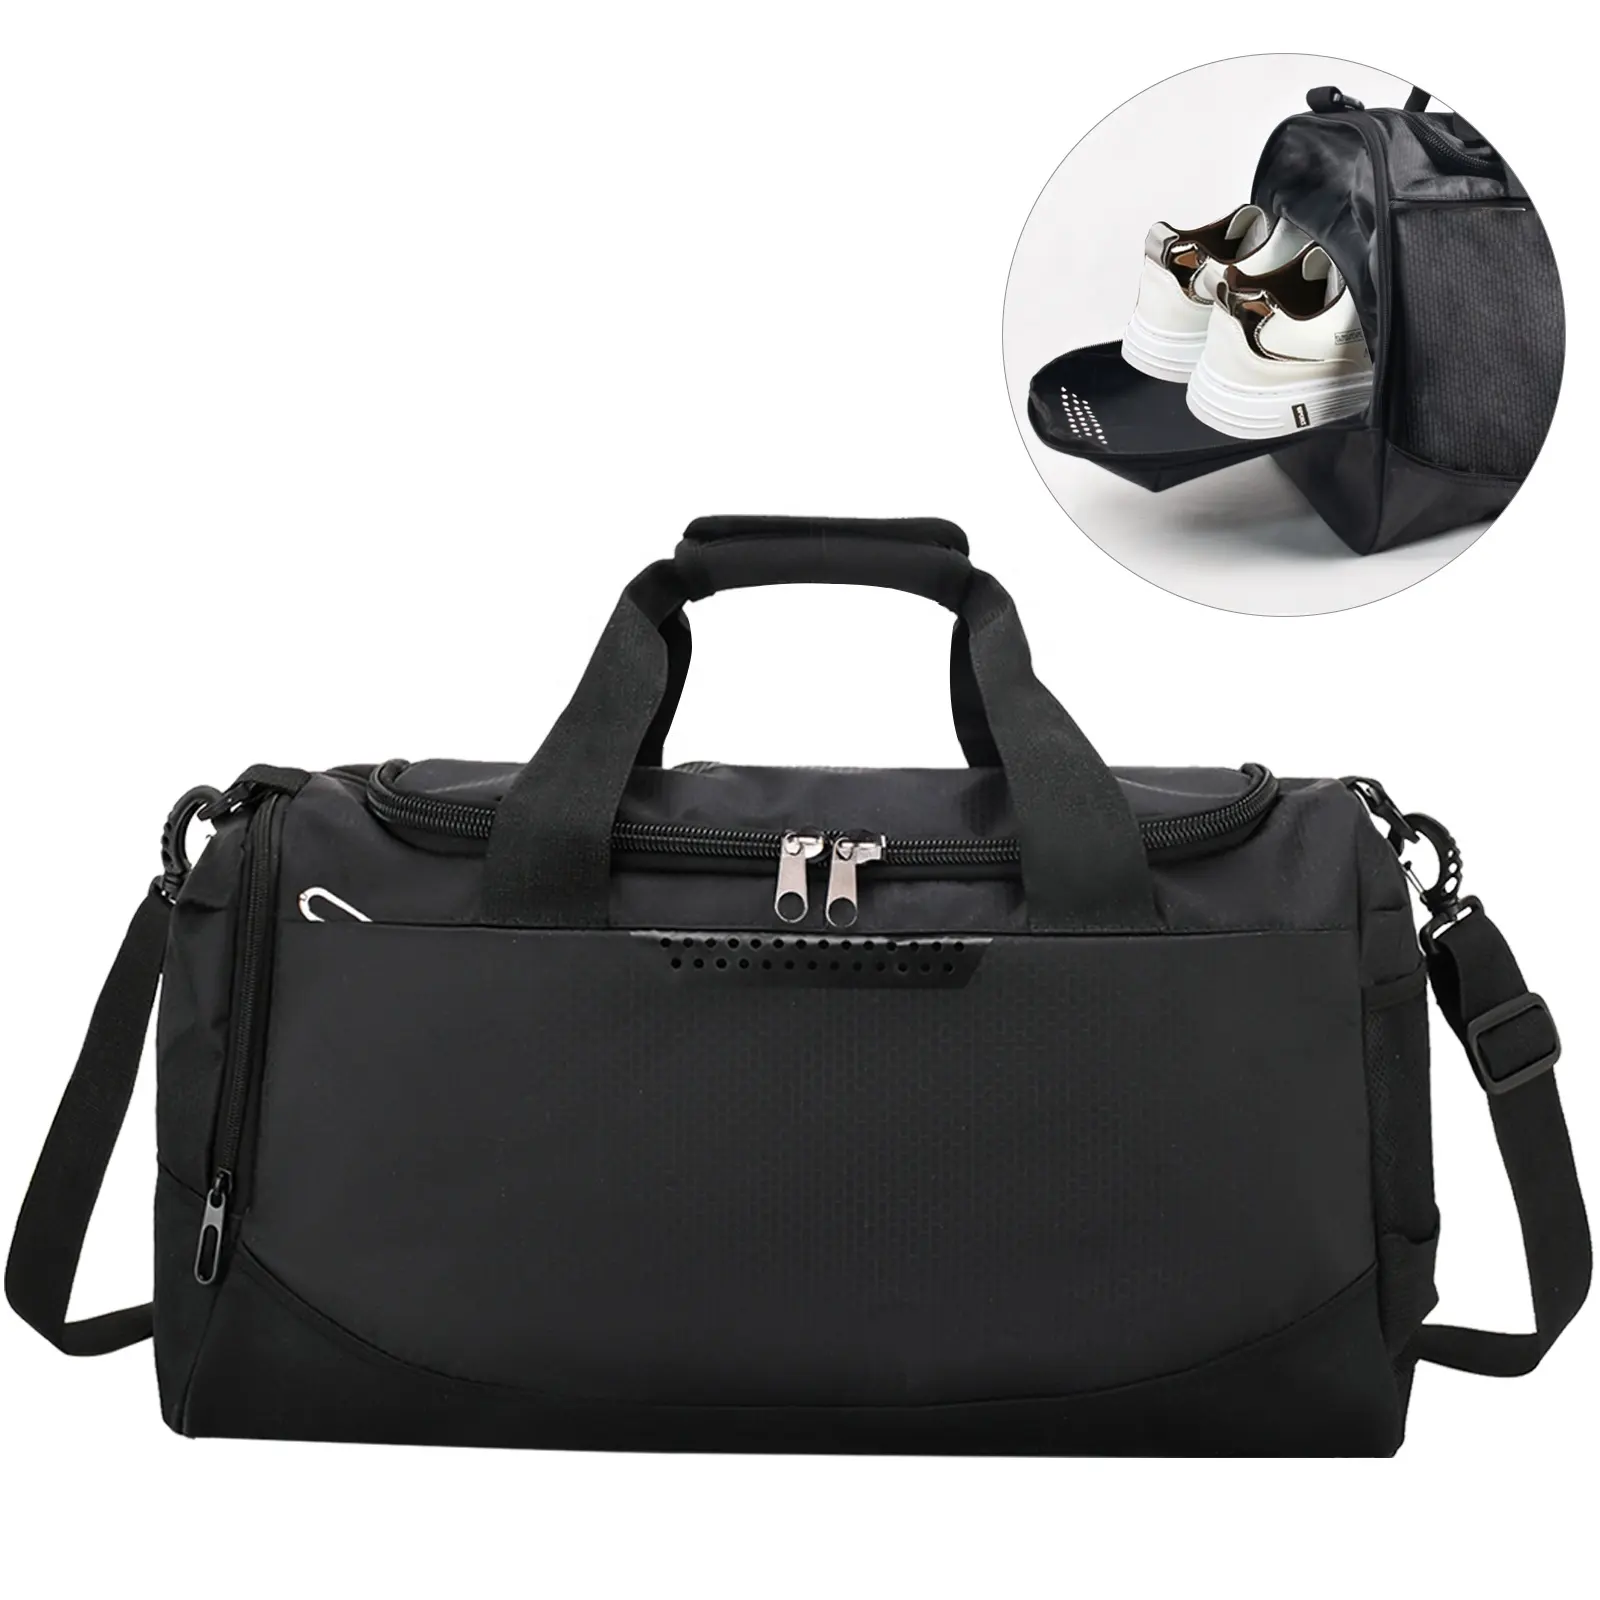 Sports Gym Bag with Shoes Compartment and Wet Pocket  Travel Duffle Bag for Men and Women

==

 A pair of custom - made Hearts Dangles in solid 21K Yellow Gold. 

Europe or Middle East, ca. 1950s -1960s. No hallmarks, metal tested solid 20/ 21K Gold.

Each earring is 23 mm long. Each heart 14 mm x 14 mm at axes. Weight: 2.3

* * *

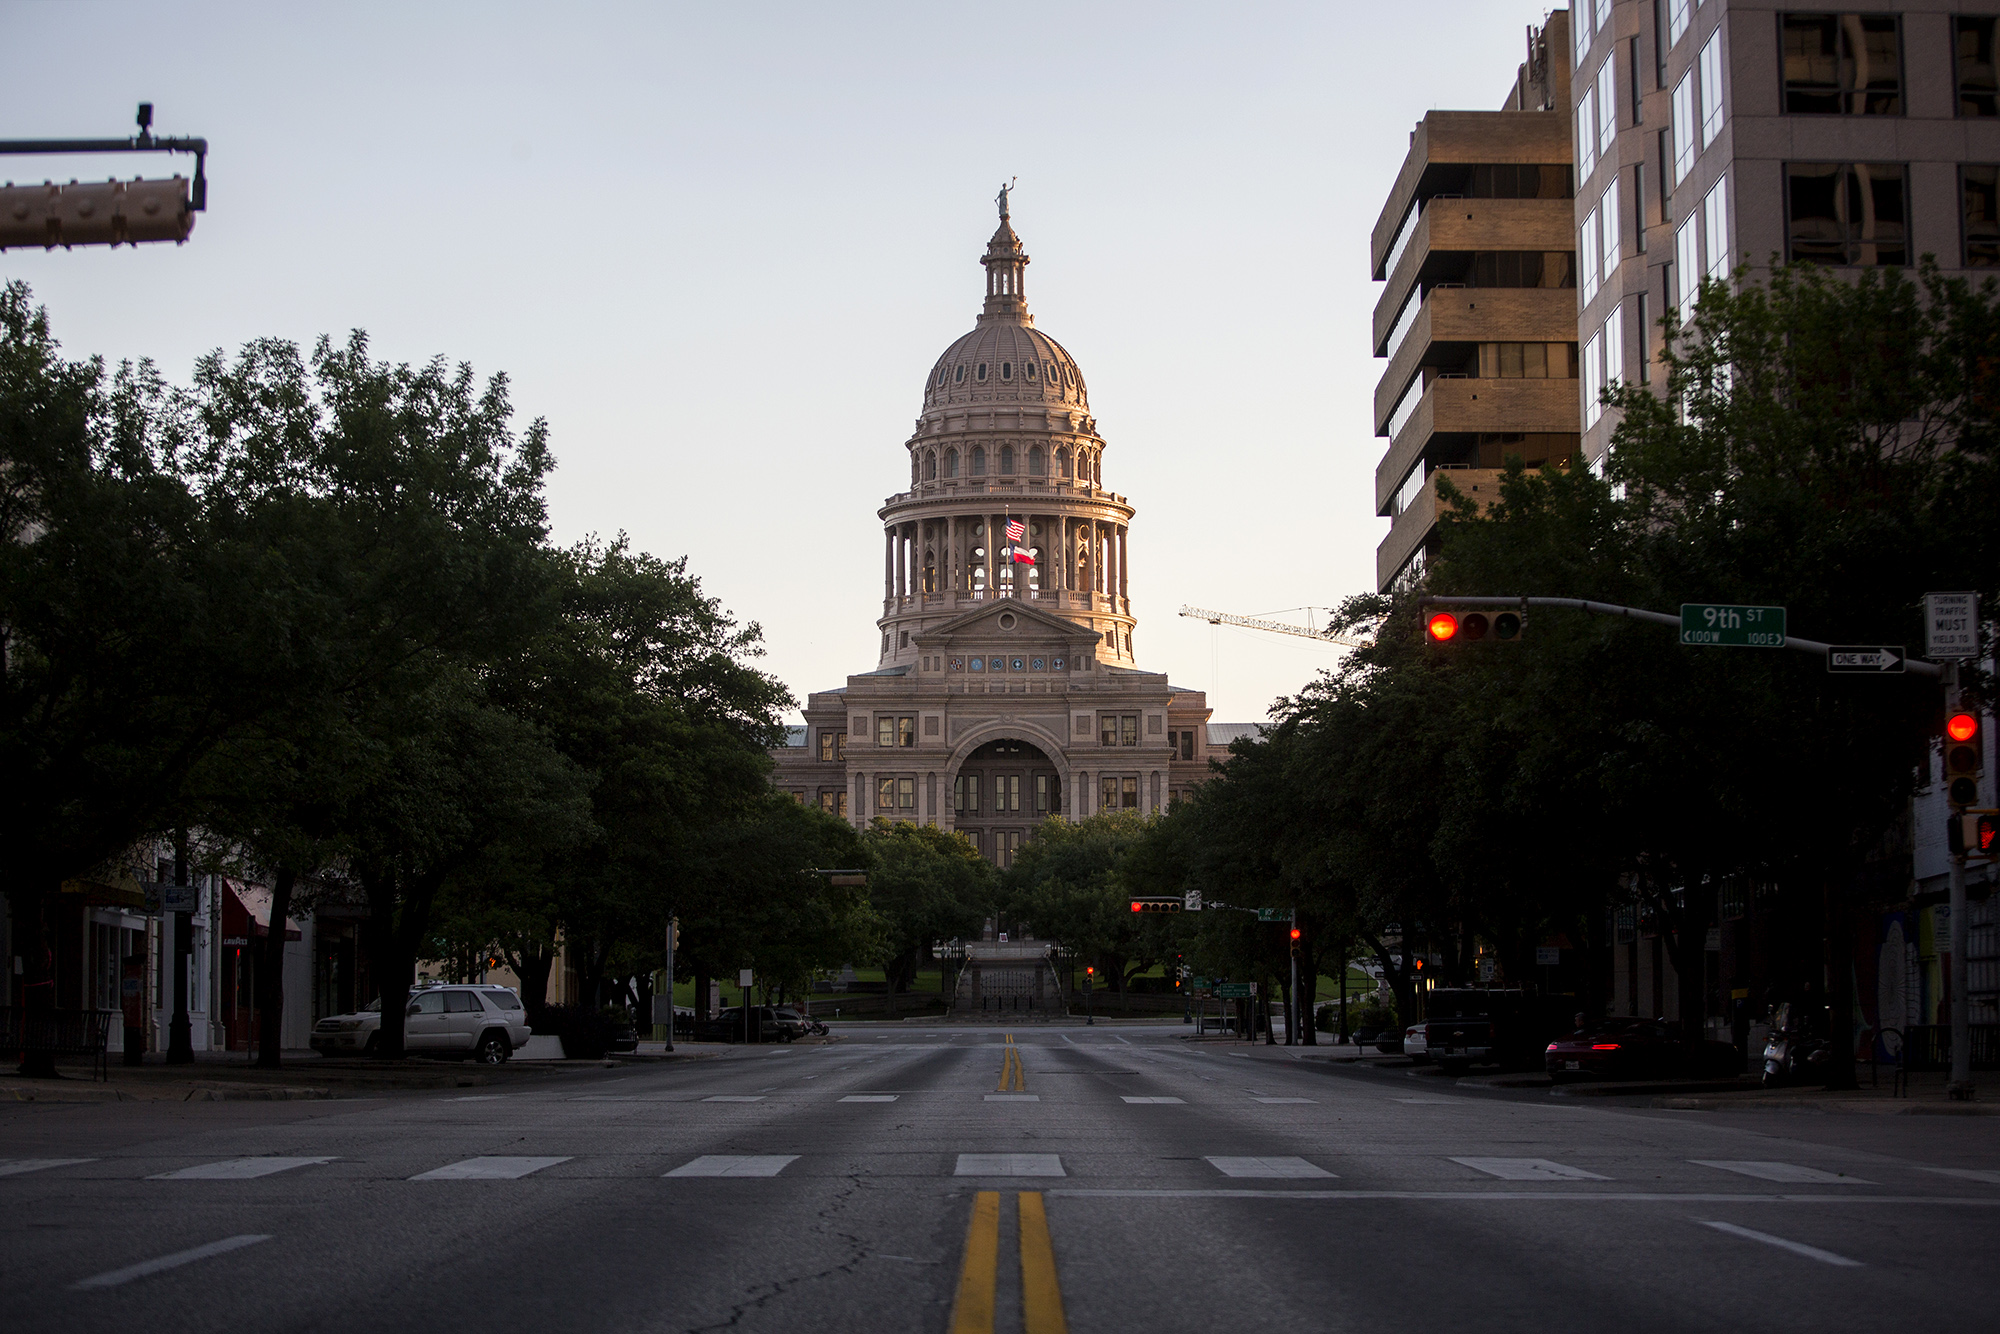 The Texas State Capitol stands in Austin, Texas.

## Task objective
Where the listing above has a line with "A pair of custom", start there, and output every line exactly through the line with "Each earring is", which is also included.

## Solution below
 A pair of custom - made Hearts Dangles in solid 21K Yellow Gold. 

Europe or Middle East, ca. 1950s -1960s. No hallmarks, metal tested solid 20/ 21K Gold.

Each earring is 23 mm long. Each heart 14 mm x 14 mm at axes. Weight: 2.3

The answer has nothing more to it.